Collected data START

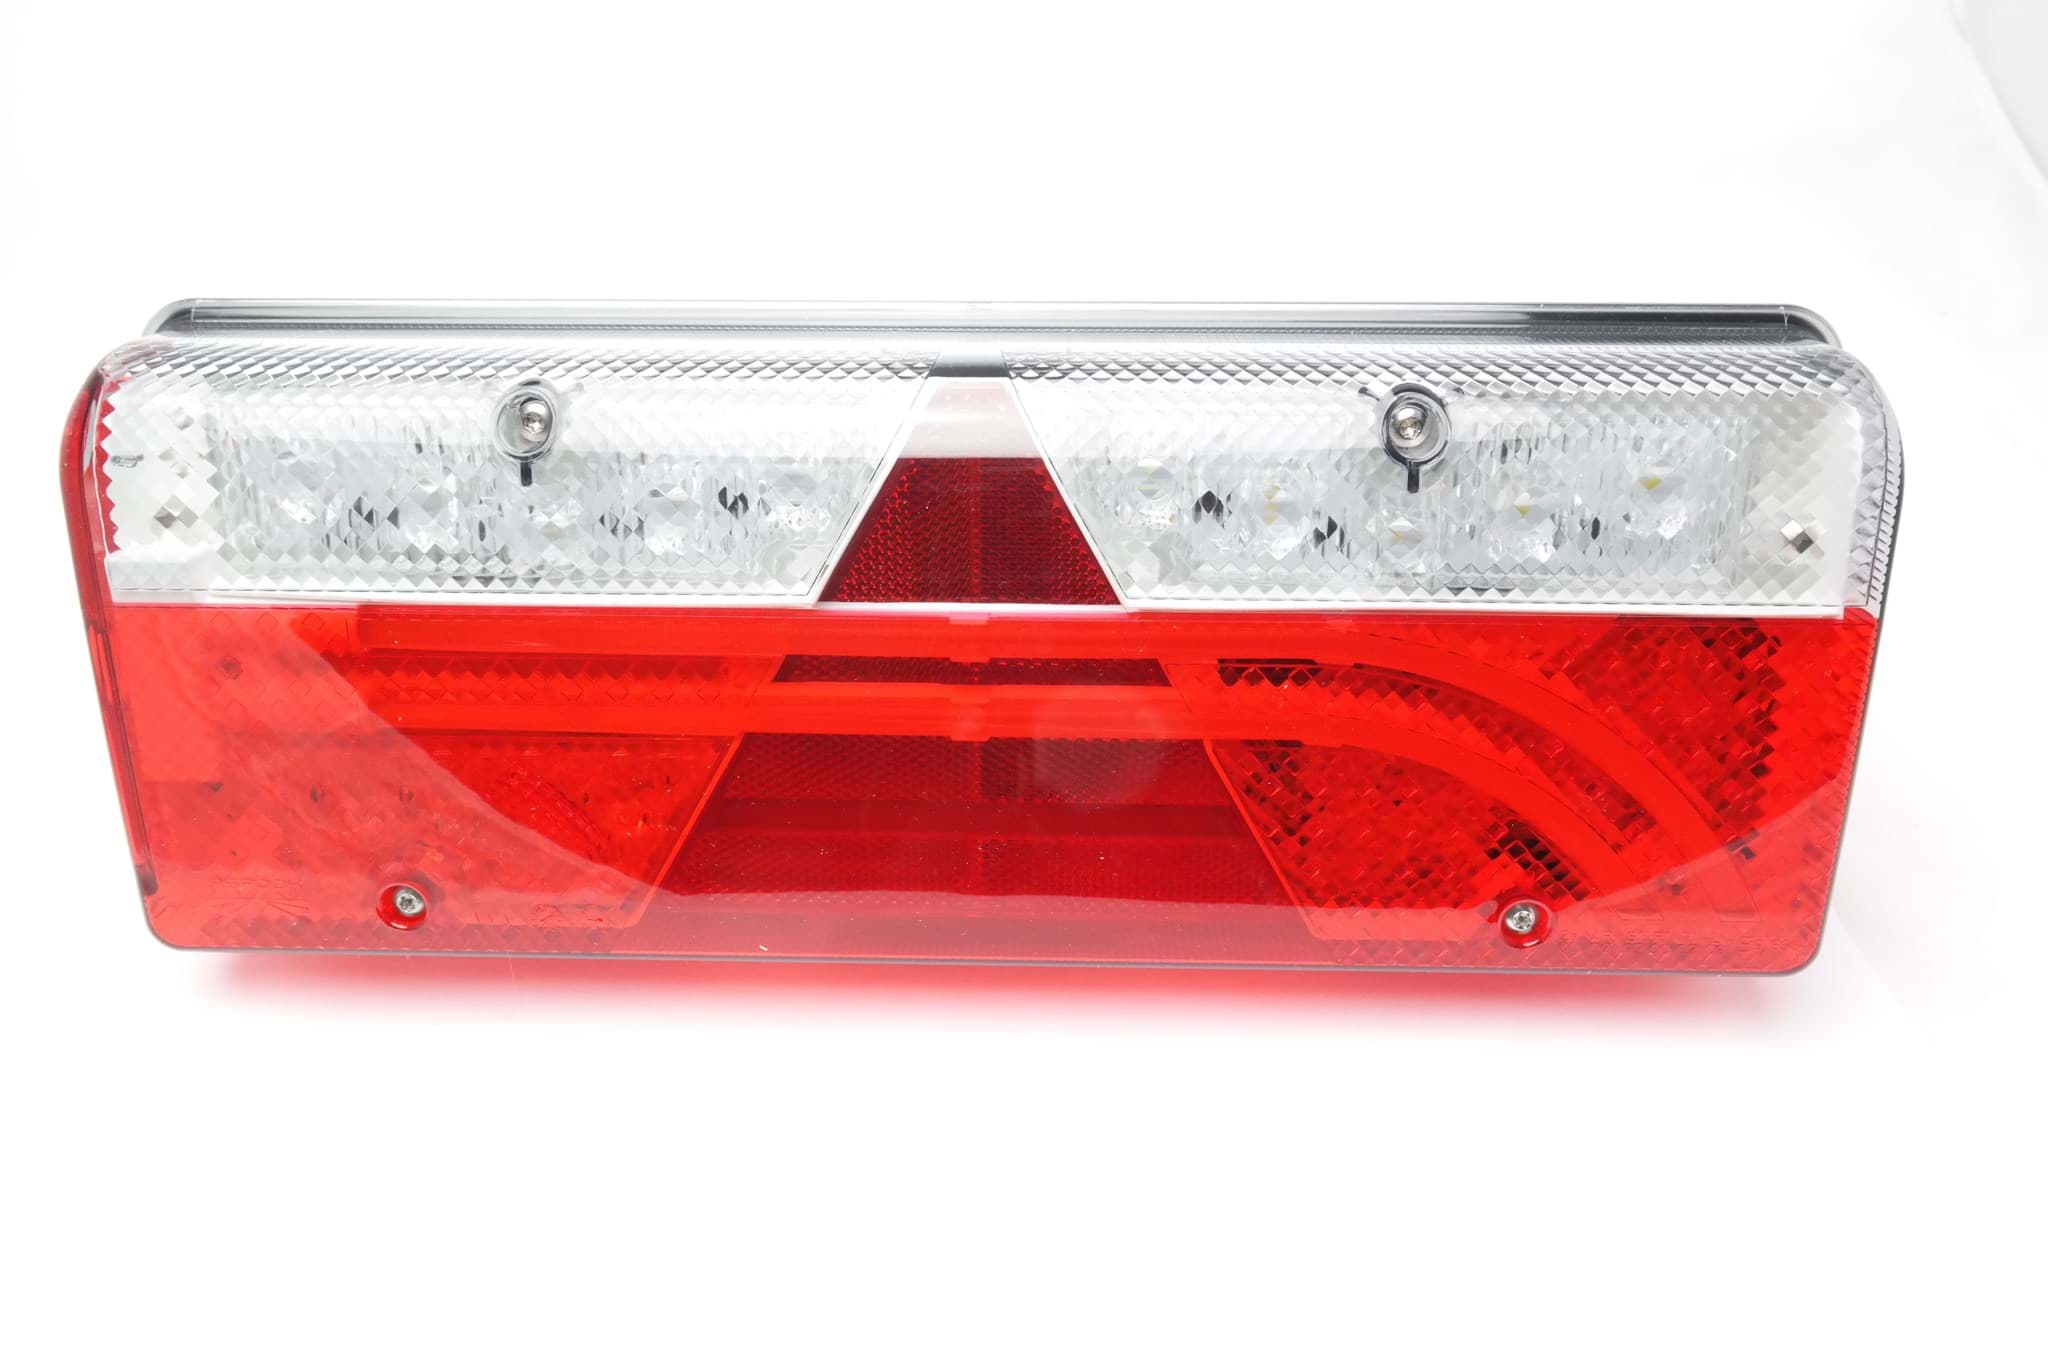 Pichler LED Blinklicht 11mm (rot) acheter en ligne chez Modellsport  Schweighofer
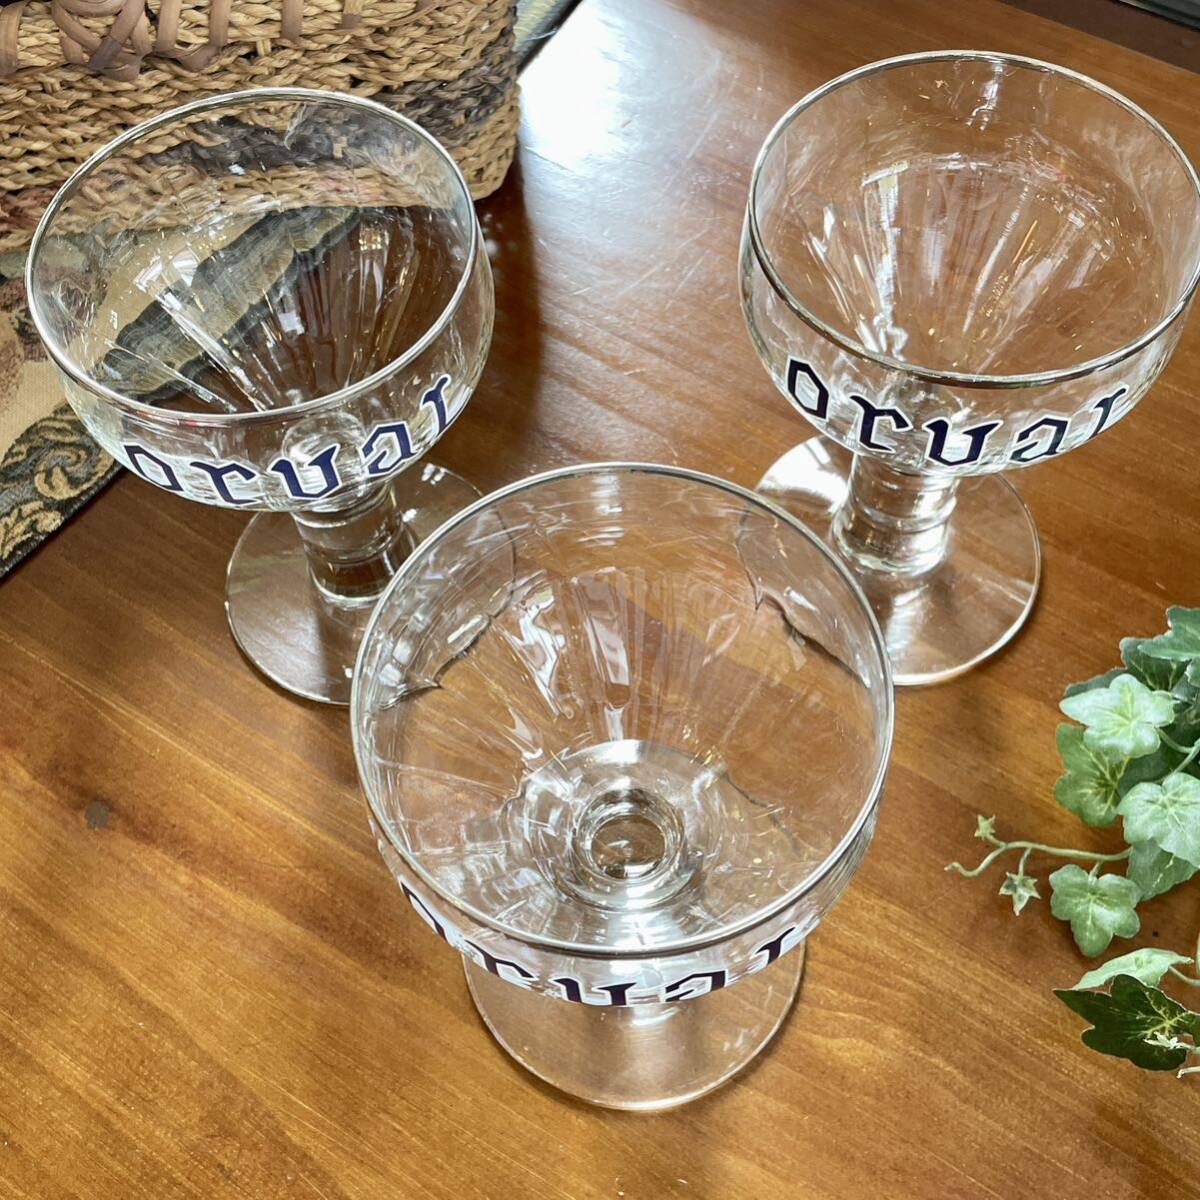 r197 ベルギー オルヴァル グラス 聖杯型 ゴブレットグラス 3点 カッコイイヴィンテージグラス コレクション ビールグラス の画像7
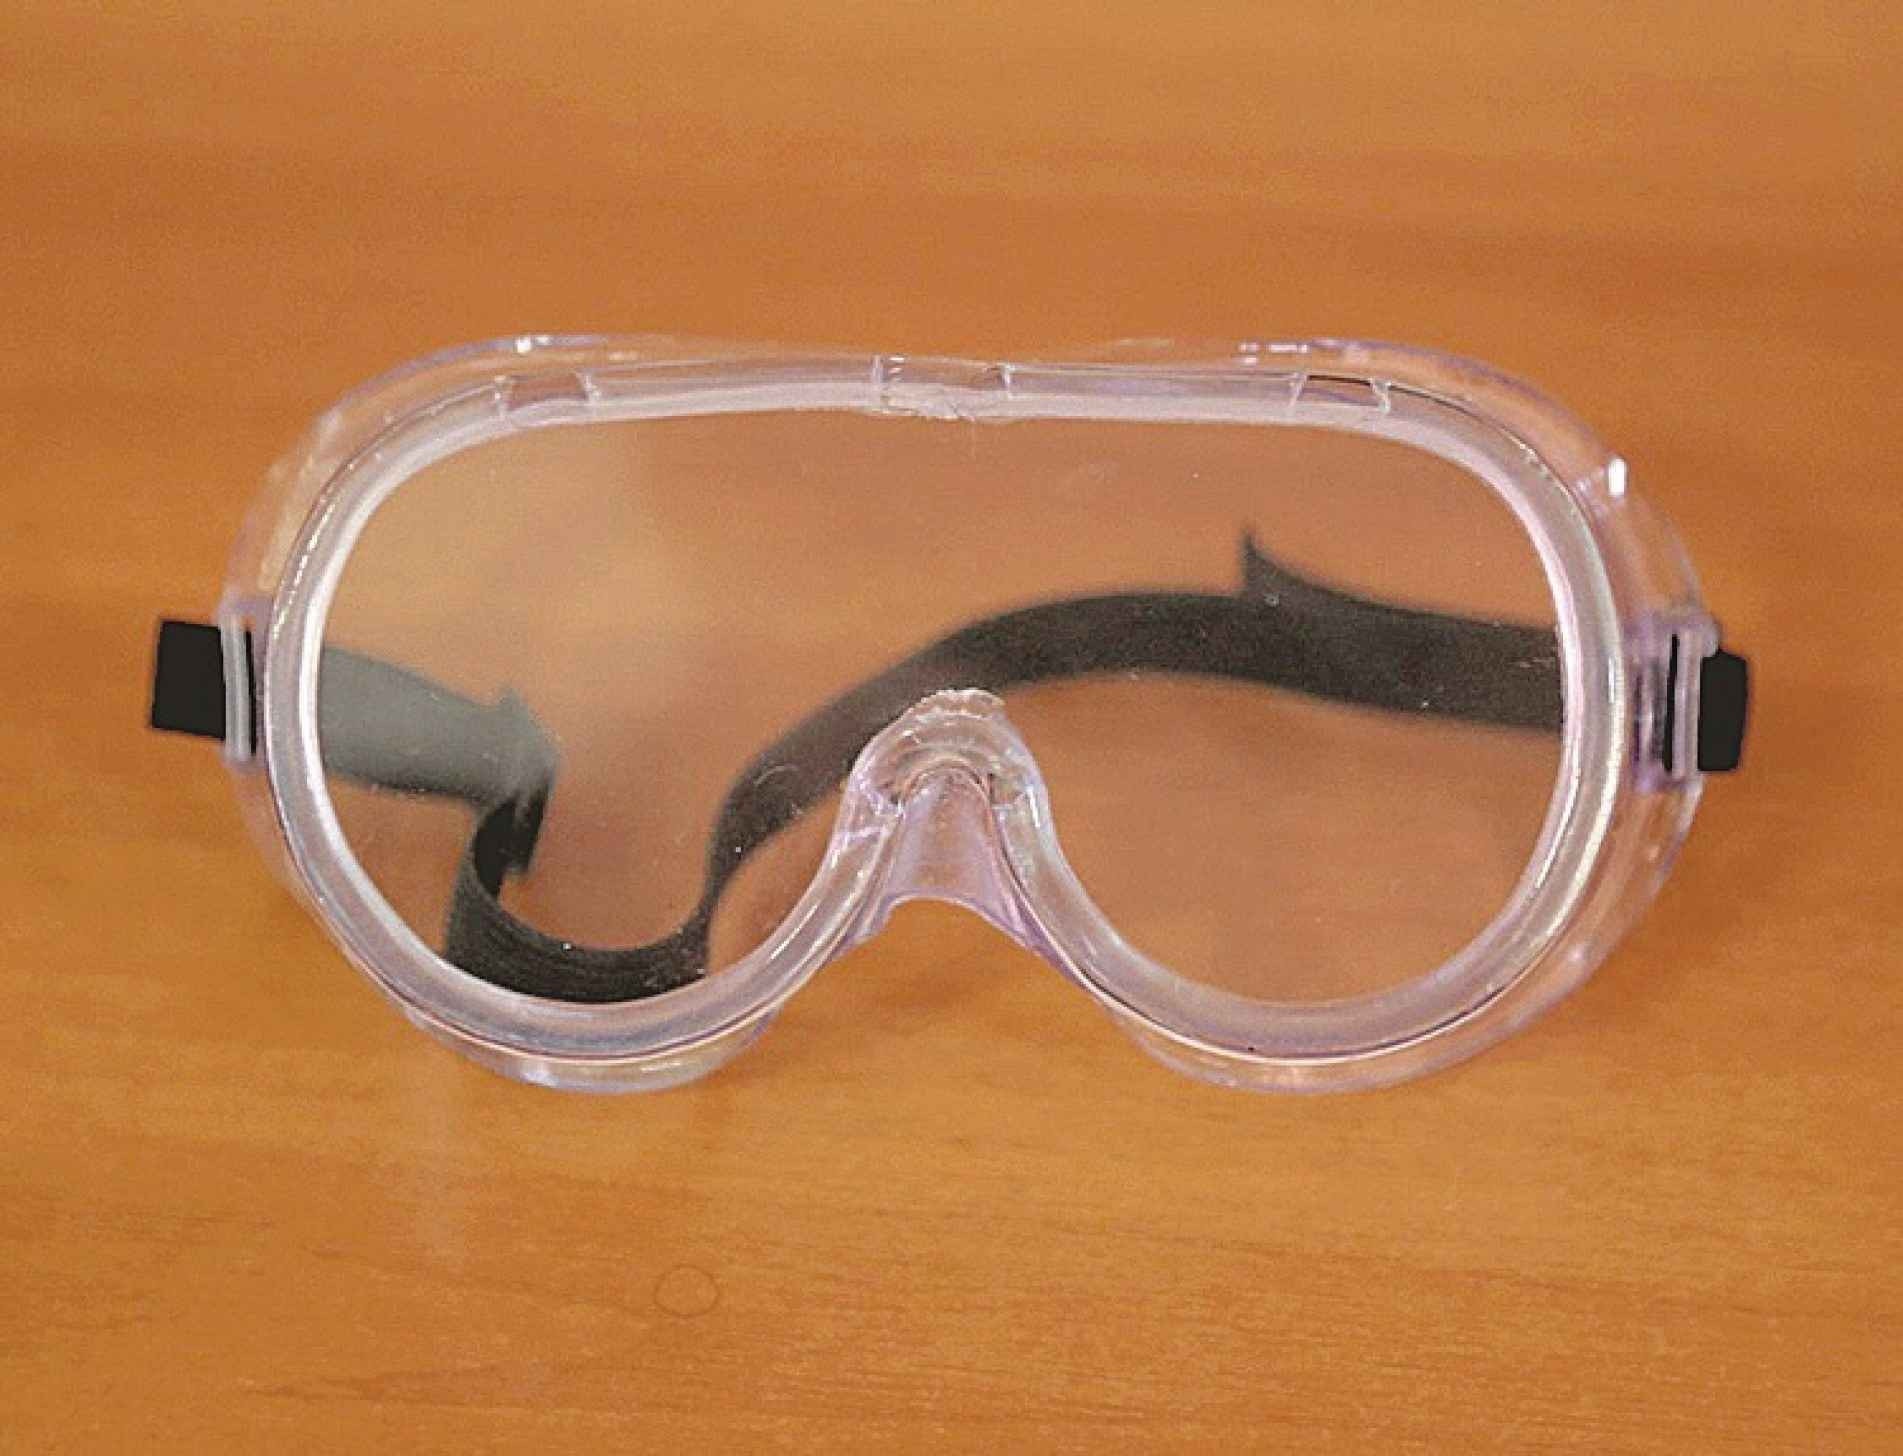 Os óculos de proteção foram doados pela multinacional Essilor, por meio do Instituto Ver e Viver
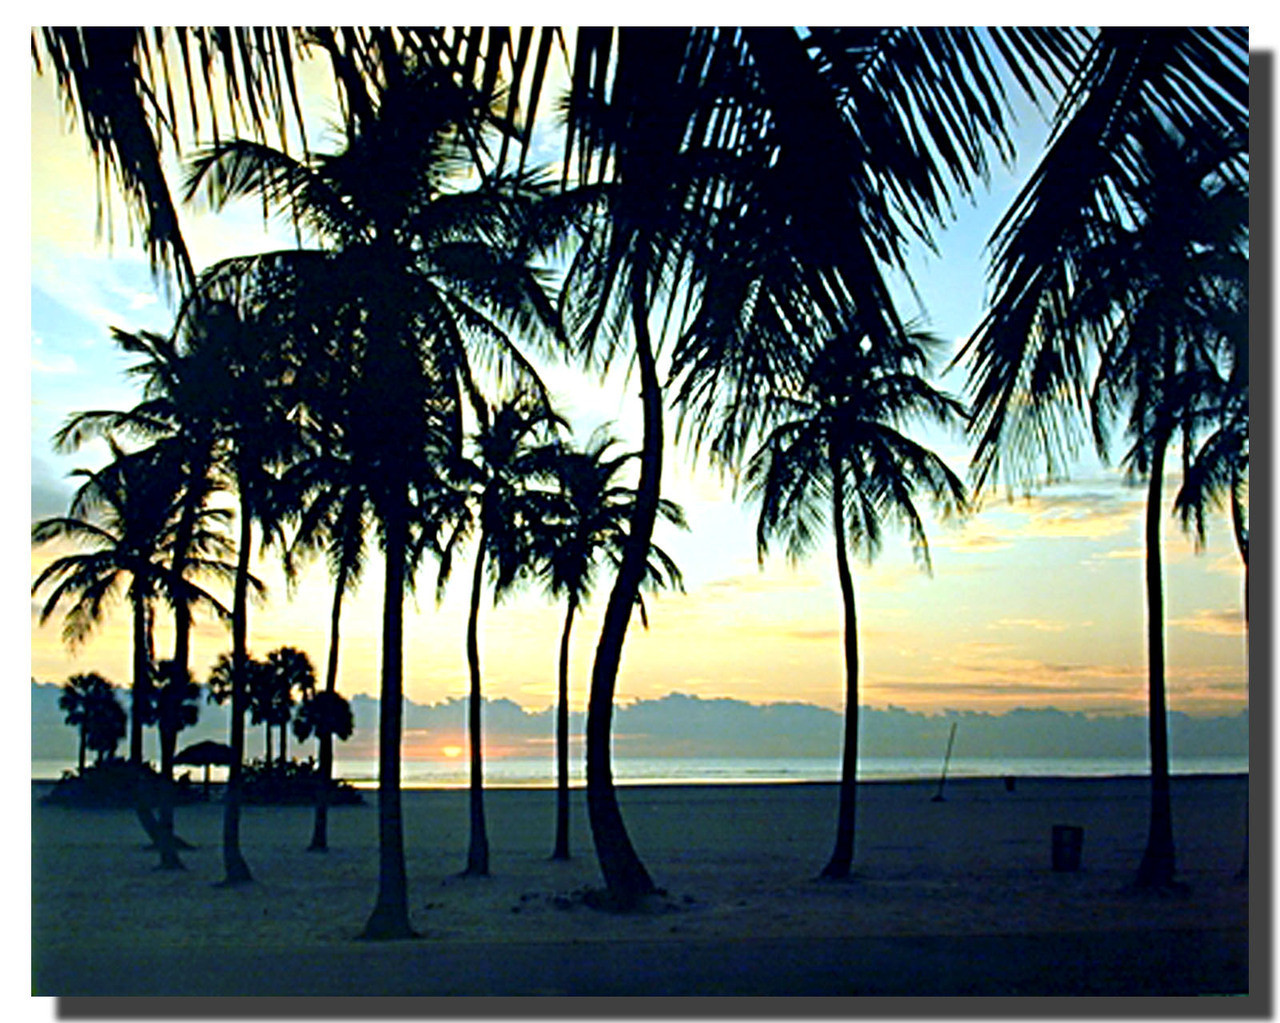 beautiful beach sunsets palm trees

Collected data END

-- Problem requirements --
Repeat the listing above word for word and leave its images out.

-- Your response --
 Pichler LED Blinklicht 11mm (rot) acheter en ligne chez Modellsport  Schweighofer
 r197 ベルギー オルヴァル グラス 聖杯型 ゴブレットグラス 3点 カッコイイヴィンテージグラス コレクション ビールグラス の画像7
 Os óculos de proteção foram doados pela multinacional Essilor, por meio do Instituto Ver e Viver
 beautiful beach sunsets palm trees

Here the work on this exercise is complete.